У Максима Максимовича сразу глаза заело, слезы даже побежали. Не хотелось ему больше повара слушать. Подошел к двери, а около уж много работников набралось, с черпаками, с ведрами. Всем хотелось хозяйского брата послушать. Мало только говорил он.

Поглядел на них Максим Максимович. Серые все, а глаза красные, гноятся.

— Надейка, — сказал он. — Глаза-то у их у всех, мотри, болят, либо что. Ржавчина то?

Старик вместе с ним вышел из варницы.

— Да и у тебя тож, — прибавил Максим Максимович.

— То с дыму да с соли, батюшка, Максим Максимович. А руки-то, мотри.

Он протянул Максиму Максимовичу старые, покрытые рубцами руки.

— У меня-то уж присохло, а вон у парней, что рассол таскают, гляди-ка. Покажь, Сысойка! Парень протянул красные руки в глубоких, мокрых язвах.

— Ох, Надейка, — вскрикнул Максим Максимович и закрыл глаза рукой. — Не можно так! Больно ж им. Пусти их ноне. Пущай отдохнут. Может, заживут руки.

— Не, Максим Максимыч, не можно. Покуль соль не выпарится, варю нипочем кончать не можно. А мне без их не справиться. Ништо, обтерпится. Как быть-то? Едучая она, соль-то.

— А, может, вовсе б не варить ее, коль вред от ее? — сказал Максим Максимович.

Старик не то засмеялся, не то закашлялся.

— Кому вред, а кому польза, Максим Максимович, — сказал он. — Родитель твой, Максим Яковлич, на соли-то во какие хоромы поставил, — он показал на высокий затейливый строгановский дом за речкой. Сам в их, чай, живешь.

Максим Максимович с удивленьем посмотрел на него.

— Все богатство строгановское с соли той. Ты поговори Ивану Максимычу, батюшка, может, он тебя послухает. Безотменно цырени чинить надобно.

Максим Максимович стоял на месте, глядел на реку и молчал. Может быть, и не слышал, что ему старик говорил.

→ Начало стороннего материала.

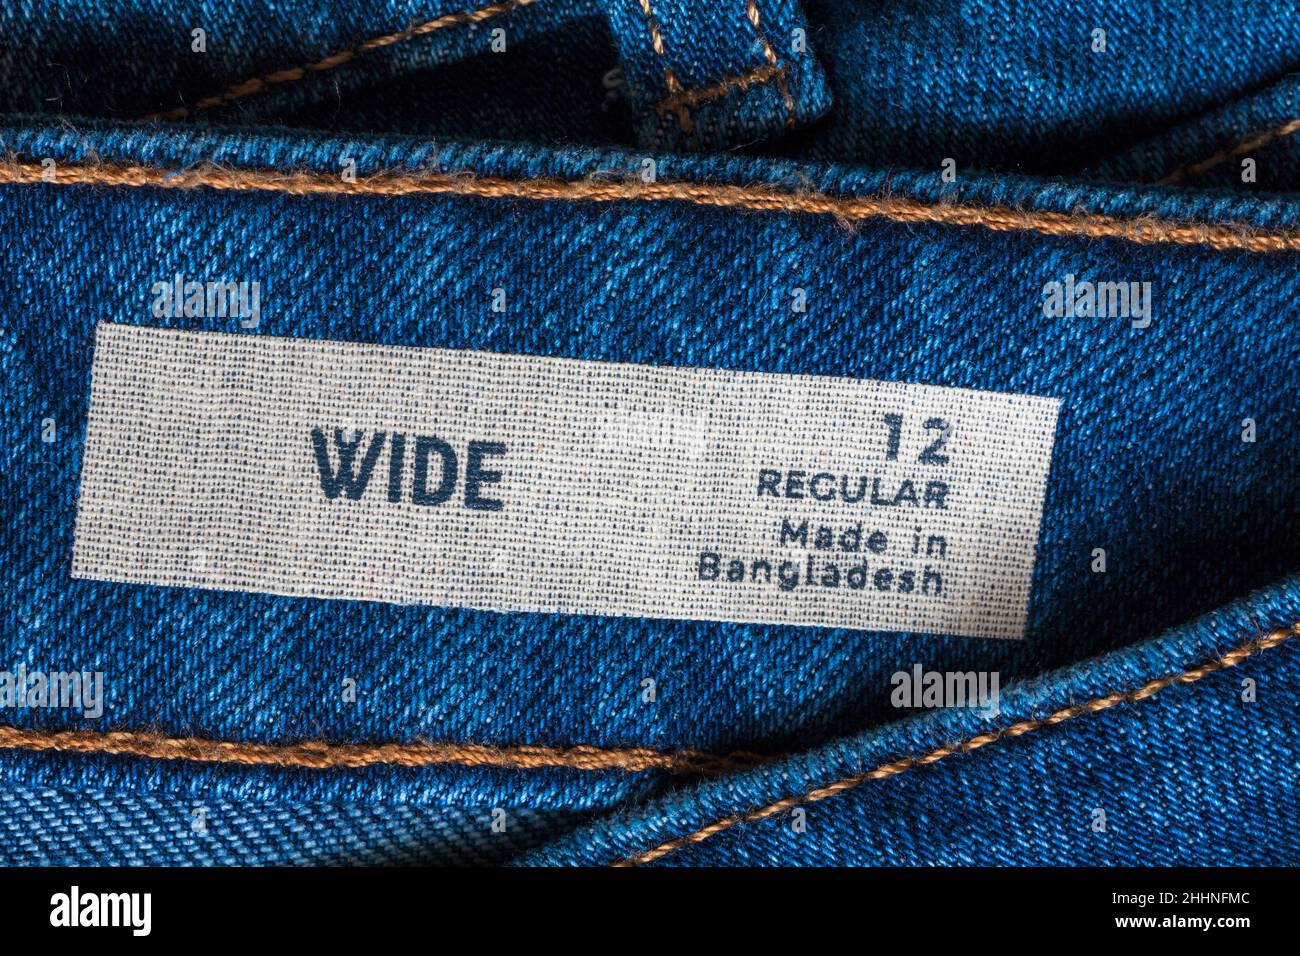 Wide Made in Bangladesh label in regular size 12 M&S denim jeans - sold in  the UK United Kingdom, Great Britain Stock Photo - Alamy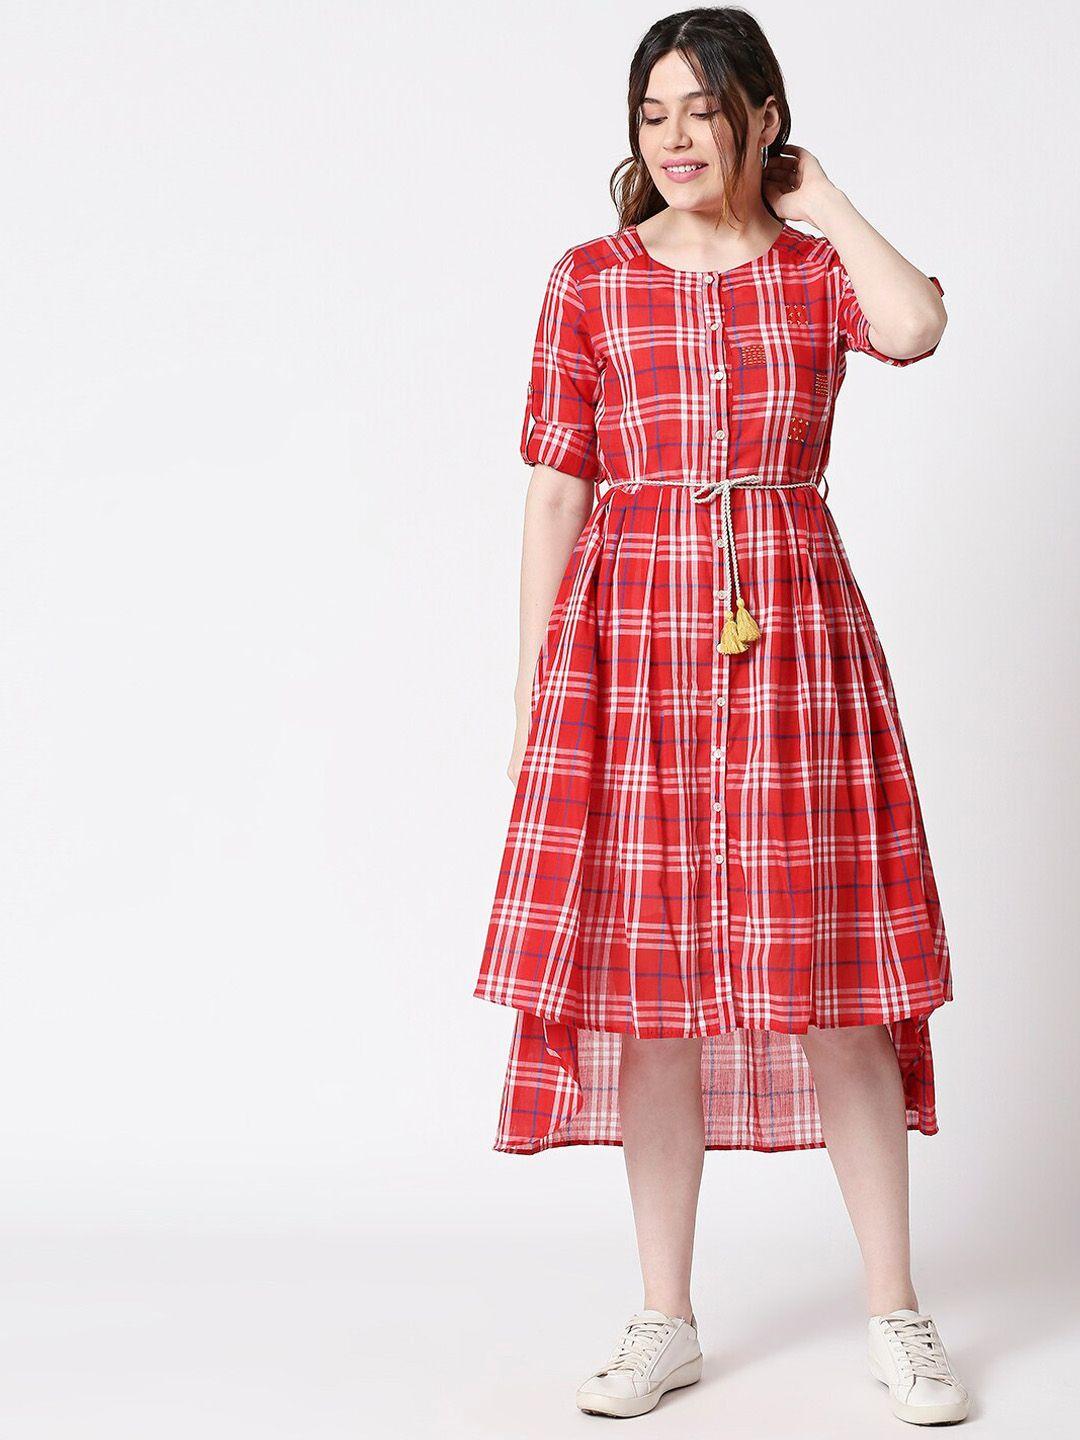 TERQUOIS Women Red Checked A-Line Dress

Повар поглядел на него, покачал головой и махнул подварку, чтоб шел подкидывать дрова в яму. Парни побежали с ведрами за рассолом, а повар с лопатой вошел в варницу мешать рассол. Максим Максимович опустил голову и тихо пошел назад по берегу. На варницы и не оглянулся.

— Ну, и чуден хозяин тот! — хмыкнул Сысойка. — Чего у его в кулаке-то зажато? Другой рукой придерживает.

— Не варить, слышь, соль! — подхватил другой со смехом. — Чудило!

— Вот бы ему варю-то помешать. Расчихался б, небось!

— Эй, вы, буде лясы точить — крикнул повар из варницы. — Тащи рассол.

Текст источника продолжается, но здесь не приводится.